# A couple of Habenarias



## paphreek (Oct 17, 2007)

These buggers can be almost addictive as Paphs

Habenaria rhodocheila






Habenaria roebelenii ('Sharret's Jack-o-Lantern' x self)- Just in time for Halloween


----------



## NYEric (Oct 17, 2007)

Pretty cool, they're not that common here. [i.e. I haven't had a chance to kill any yet! ] Do they like high light, etc?


----------



## Candace (Oct 17, 2007)

Very pretty and cheerful.


----------



## practicallyostensible (Oct 17, 2007)

Shoot, I've never seen one before and now I have to try it. How are you growing them?


----------



## Hien (Oct 17, 2007)

the roebelenii is outstanding


----------



## paphreek (Oct 17, 2007)

NYEric said:


> Pretty cool, they're not that common here. [i.e. I haven't had a chance to kill any yet! ] Do they like high light, etc?

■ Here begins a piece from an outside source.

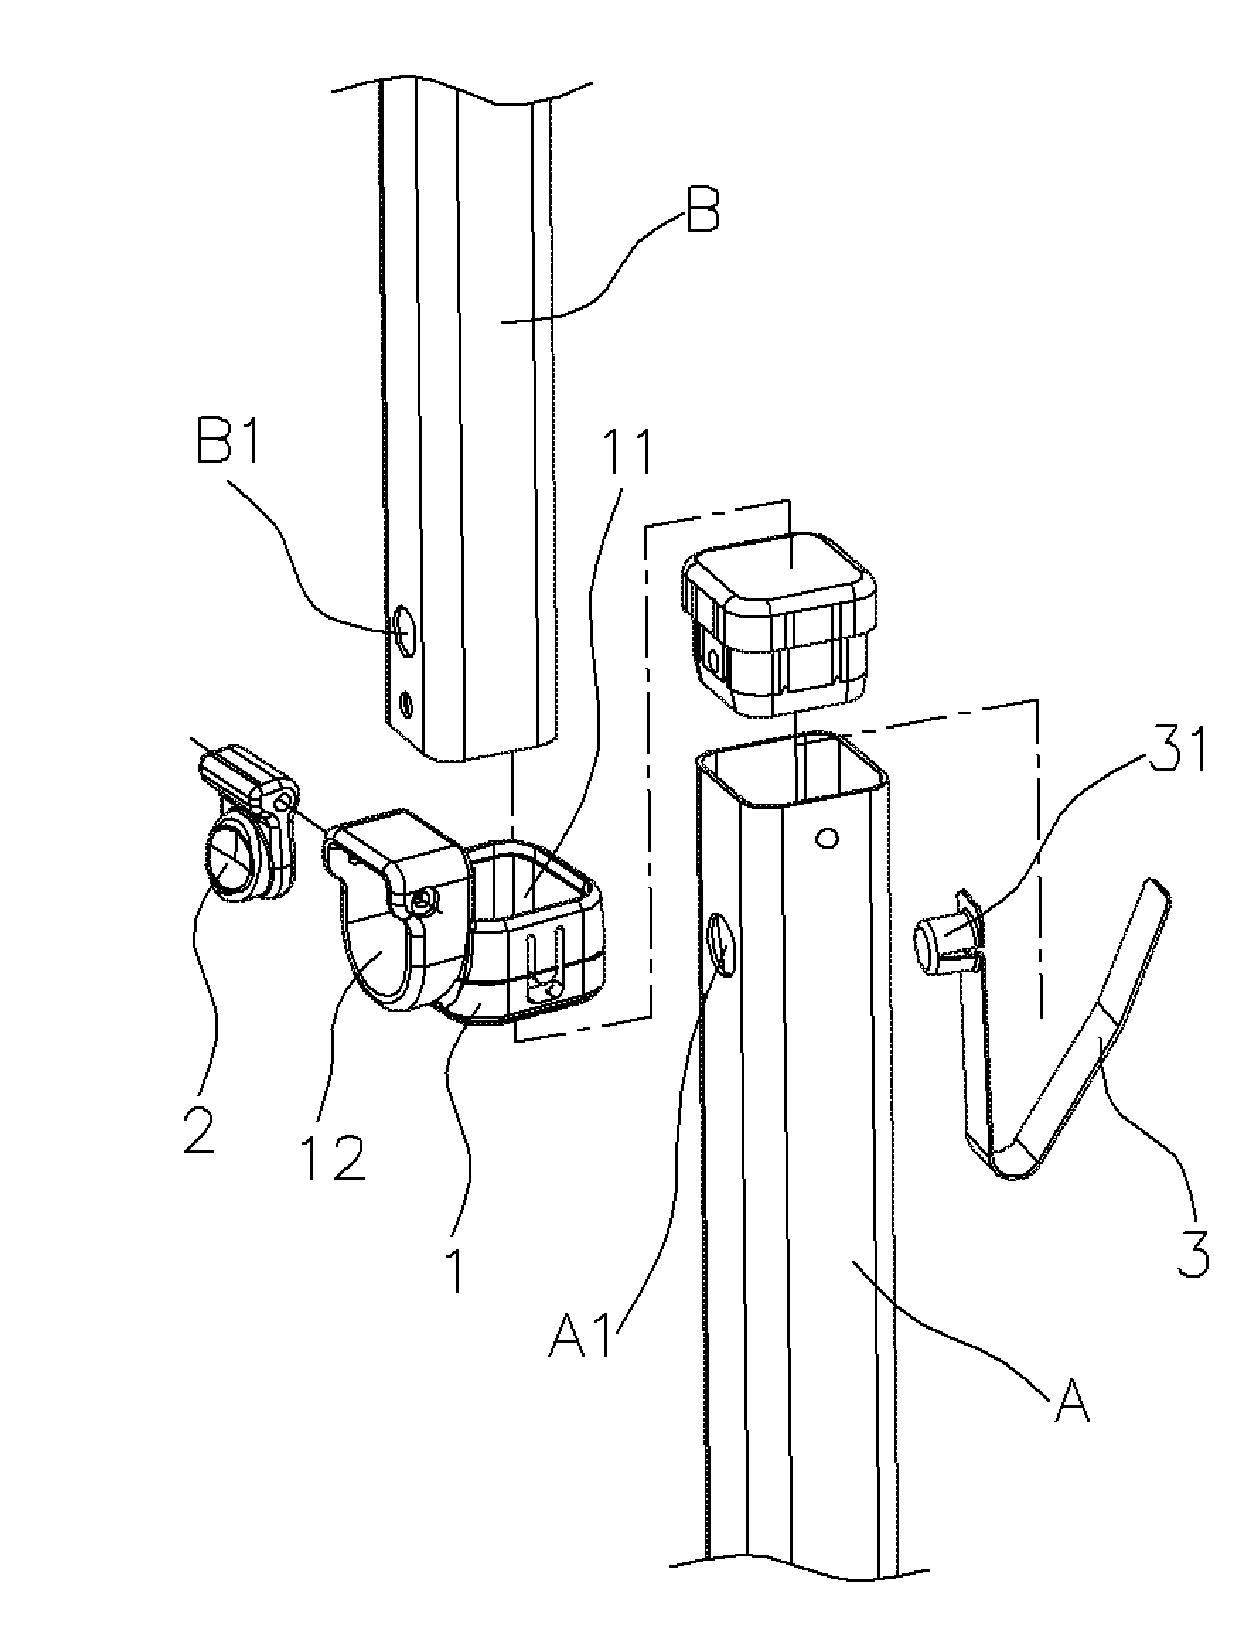 Snapping mechanism of telescoping tent pole

They grow just fine under lights, but I had them on an enclosed porch where they got early morning and late evening sun. The big key is to water very sparingly or not at all when they are dormant.


----------



## paphreek (Oct 17, 2007)

practicallyostensible said:


> Shoot, I've never seen one before and now I have to try it. How are you growing them?



they are terrestrial and grow in a well draining, fine mix. Keep evenly moist and fertilize lightly and continuously while growing. Keep the media barely moist while dormant until you see the beginning shoots. Then resume watering.


----------



## the jive turkey (Oct 17, 2007)

those are nice! I want some! where did you get them?


----------



## NYEric (Oct 17, 2007)

Thanx, now to the source?


----------



## Corbin (Oct 17, 2007)

Very nice


----------



## paphreek (Oct 17, 2007)

the jive turkey said:


> those are nice! I want some! where did you get them?



My wife, Julie found them, the rhodocheila two years ago at the Chicagoland Orchid Festival, and the roebelenii a year ago at the festival. Both were bought at Windsong Orchids. Either they must not have many or they sell really fast because I don't see them listed on their website.


----------



## practicallyostensible (Oct 17, 2007)

http://www.tropicalorchidfarm.com/index.php?mg=1&cat=319


----------



## NYEric (Oct 18, 2007)

Enabler!


----------



## SlipperFan (Oct 18, 2007)

Tempter!!!


----------



## practicallyostensible (Oct 18, 2007)




----------



## biothanasis (Oct 23, 2007)

Hi all,

I have recently purchased some tubers of the rhodocheila species and thank you for the growing tips, but they look very strange!!! Could you please a photo that shows how the tubers look like? Are they like turf or something? Is mix of one part turf one part perlite ok for these? Thank you in advance, anyway!!! 

Best regards, Thanasis...


----------